We also require that adjacent active session spans have opposite labels so that top level sessions are not fragmented into multiple spans. This is implemented via the within-level factor $Ω_{i j}^{(3)}$ as shown below.

Ω_{i j}^{(3)} = {\begin{matrix} 0 & if Y_{i j}^{(3)} \neq \emptyset and \exists k st Y_{i j}^{(3)} = Y_{j + 1 k}^{(3)} \\ 1 & otherwise \end{matrix}

3.3. Global Factors

Enforcing the nested segmentation property requires two sets of high-order factors. First, every label variable $Y_{i}^{(1)}$ must be covered by exactly one non-null span variable $Y_{j k}^{(l)}$ at each level l > 1. This is enforced using a binary-valued factor S^(l) as shown below where $\exists_{= 1}$ means “there exists exactly one”. This ensures that the labeling at level l forms a valid segmentation with no overlapping segments and no gaps in the segmentation. There exists one such factor for each segmentation level in our model.

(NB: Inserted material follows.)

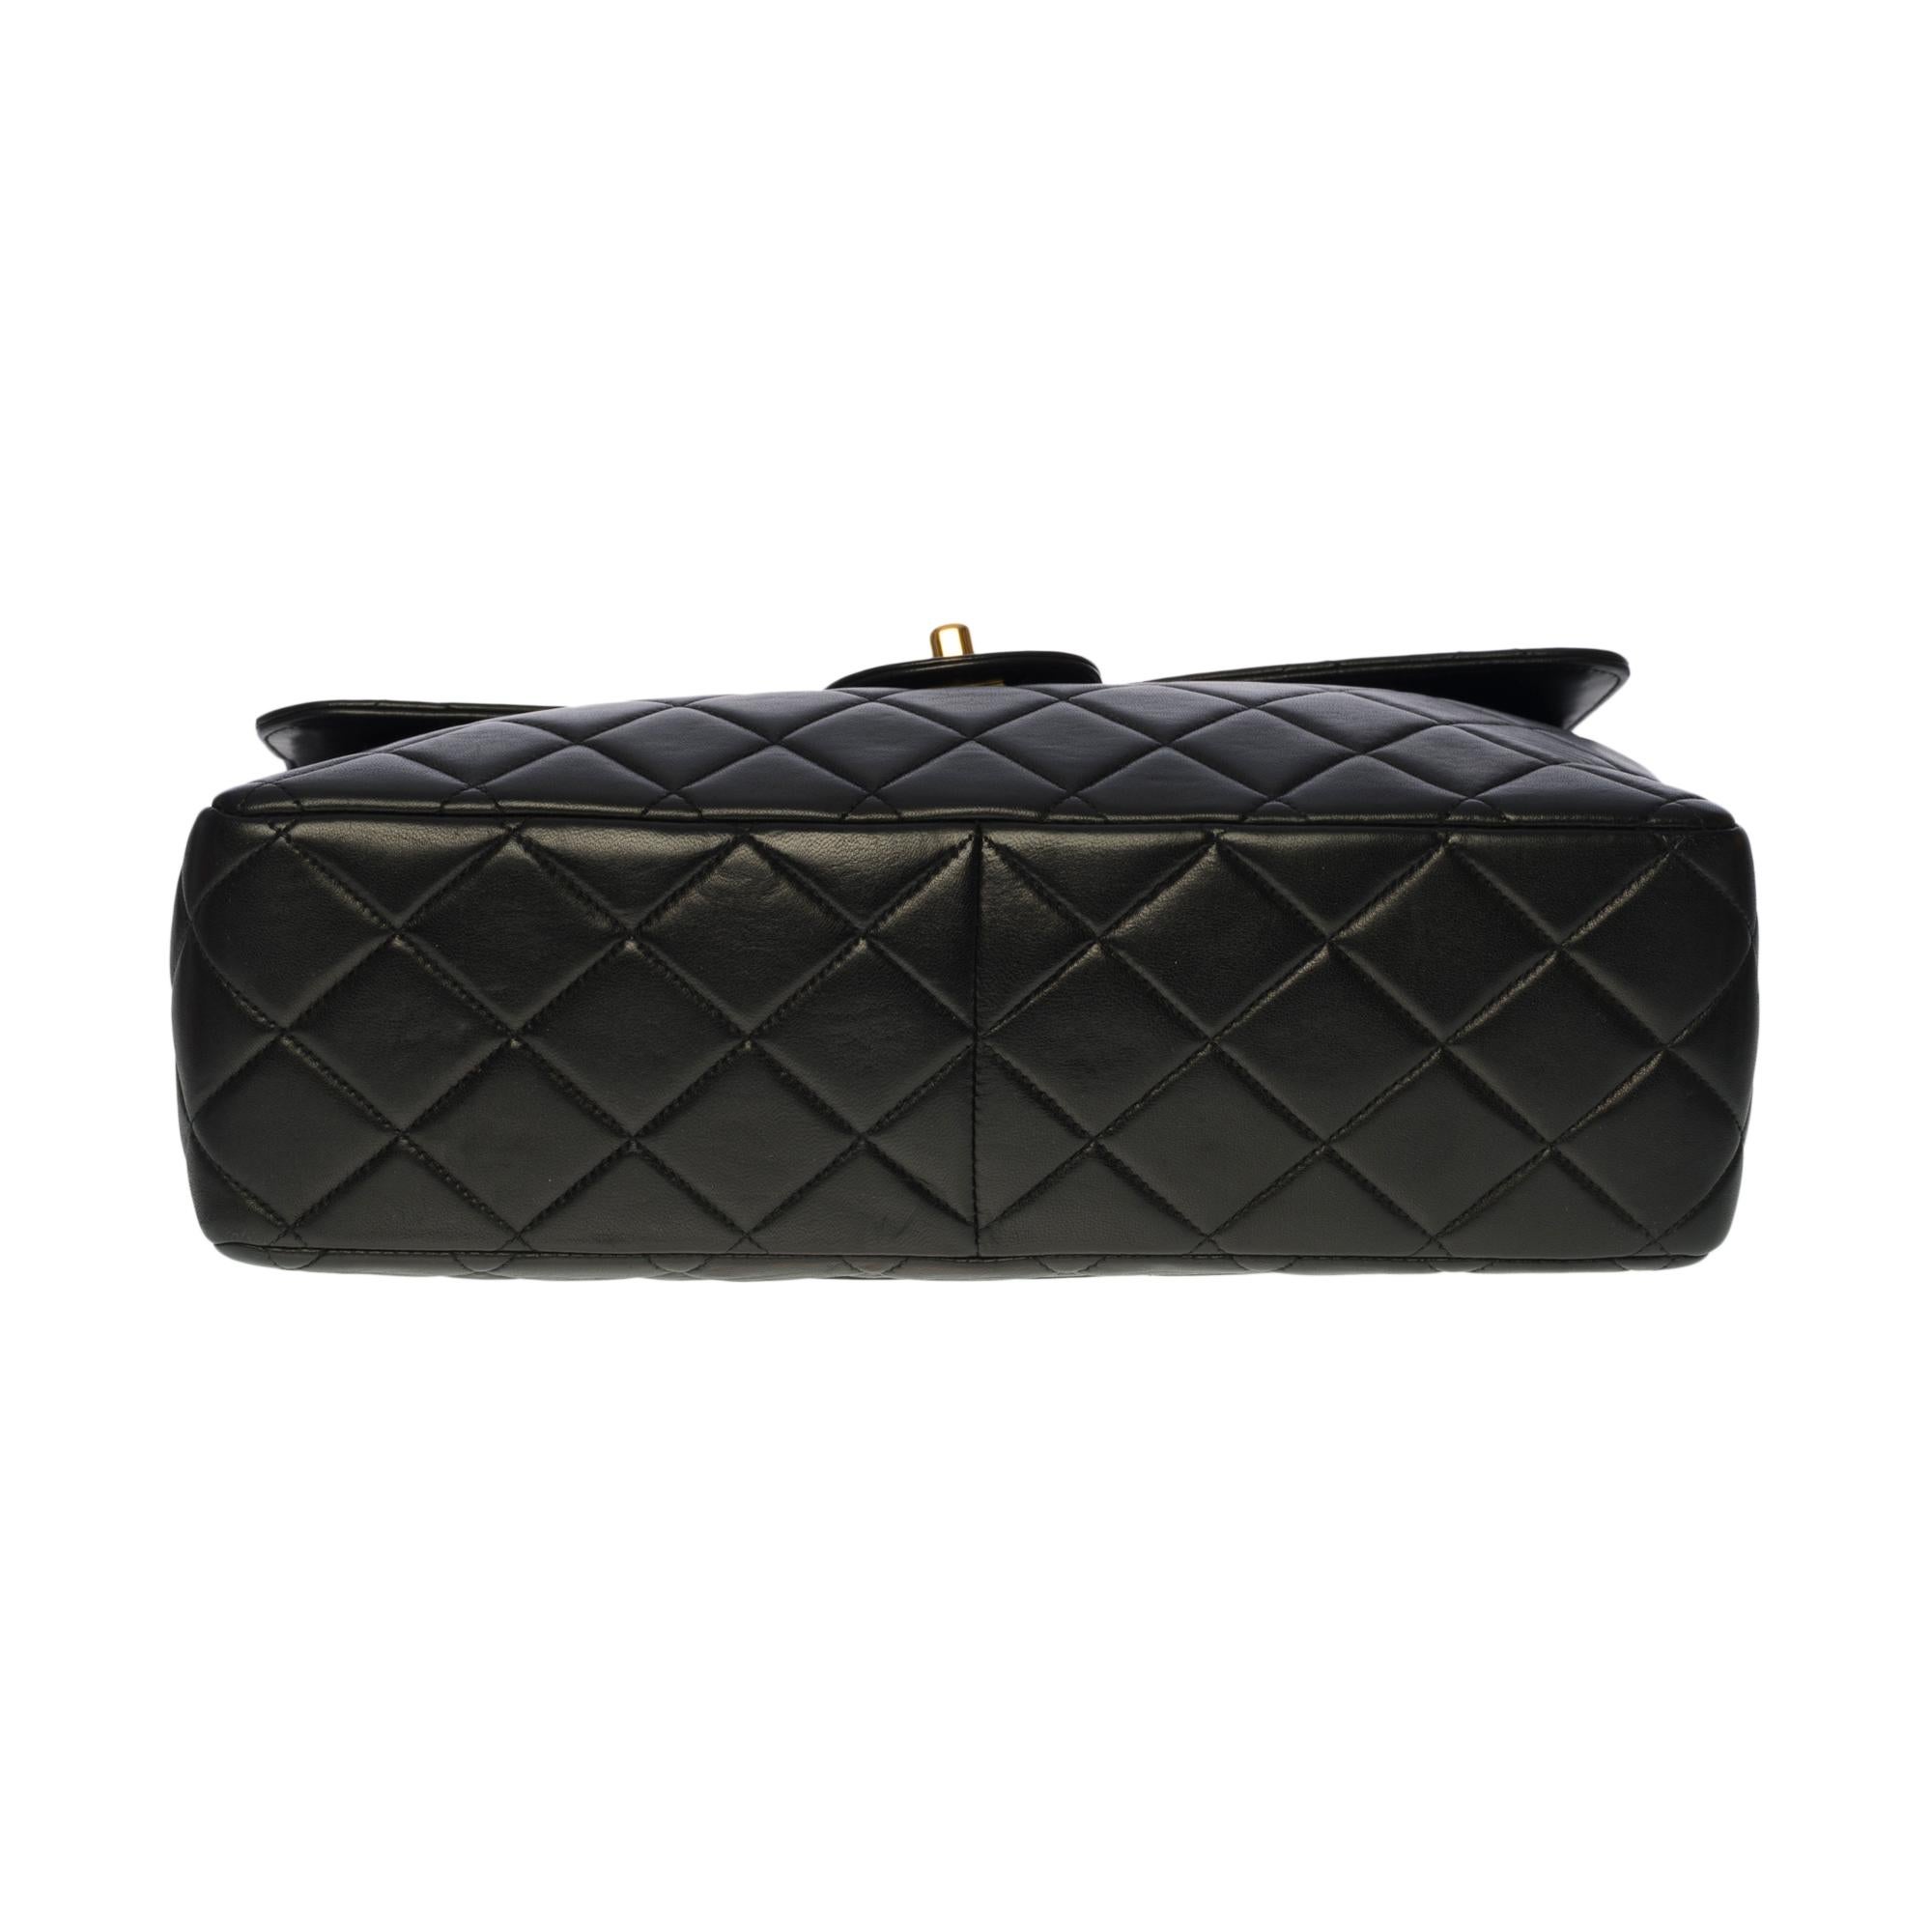 Chanel Timeless Jumbo single shoulder flap bag in black quilted lambskin, GHW For Sale 5

\begin{matrix} S^{(l)} & = {\begin{matrix} 1 & if \forall i \exists_{= 1} (j, k) s . t . j \leq i \leq k and Y_{j k}^{(l)} \neq \emptyset \\ 0 & otherwise \end{matrix} \\ N^{(l)} & = {\begin{matrix} 1 & if \forall (j, k) s . t . Y_{j k}^{(l)} \neq \emptyset, \exists p > j, q < k s . t . Y_{j p}^{(l - 1)} \neq \emptyset and Y_{q k}^{(l - 1)} \neq \emptyset \\ 0 & otherwise \end{matrix} \end{matrix}

Second, to enforce the nesting property, we require that the span boundaries at level l align with the span boundaries at level l − 1 for l = 2, 3. The factor N^(l) shown above ensures that each endpoint of a non-null span variable will align with an endpoint of a non-null span variable in the layer below it. The complete set of factors defining the model is thus $F = {S^{(2)}, S^{(3)}, N^{(2)}, N^{(3)}, ψ_{i}^{(1)}, ψ_{j k}^{(2)}, ψ_{j k}^{(3)}, π_{j k}^{(1)}, π_{j k}^{(2)}, Φ_{j k}^{(2)}, κ_{j k}^{(3)}, Ω_{i j}^{(3)}}$ for all 1 ≤ i ≤ n, all 1 ≤ j ≤ k ≤ n.

3.4. Inference

Due to the special nested structure of the model and the hard constraints imposed, it is possible to run exact MAP inference in the three layer HNS model in time quadratic in the length n of the input sequence. In Algorithm 1, we give the dynamic program recursions for computing the unnormalized joint probability of the MAP solution. The algorithm consists of two related recursions. The first recursion α⁽¹⁾(j, k) computes the energy contribution of all valid joint assignments to the bottom level labels $Y_{j}^{(1)}$ through $Y_{k}^{(1)}$ , taking into account the features and inter-event span constraints.

Algorithm 1.

Dynamic program for inference in the HNS model.

α^{(1)} (j, k) = {\begin{matrix} ψ_{j}^{(1)} (1) & if j = k \\ α^{(1)} (j, k - 1) ψ_{k}^{(1)} (0) & k > j \end{matrix}

α^{(2)} (j, c) = {\begin{matrix} 1 & if j = n + 1 \\ \max_{j \leq k \leq n} \max_{c \in {1, \dots, C}} α^{(1)} (j, k) ψ_{j k}^{(2)} (0) e^{ω_{c}} α^{(2)} (k + 1, c) & if c = 0 \\ \max_{j \leq k \leq n} α^{(1)} (j, k) ψ_{j k}^{(2)} (1) α^{(2)} (k + 1, c - 1) & if c > 0 \end{matrix}

Open in a new tab

The second recursion α⁽²⁾(j, c) computes values for the inter-event intervals and the sessions simultaneously, taking into account the hard constraints and cardinality factor. The two indices are the position in the sequence j and the value for the cardinality factor c. The value α⁽²⁾(j, c) corresponds to the unnormalized probability of the MAP segmentation of positions j through n starting with a segment of cardinality c (c = 0 implies a negative segment).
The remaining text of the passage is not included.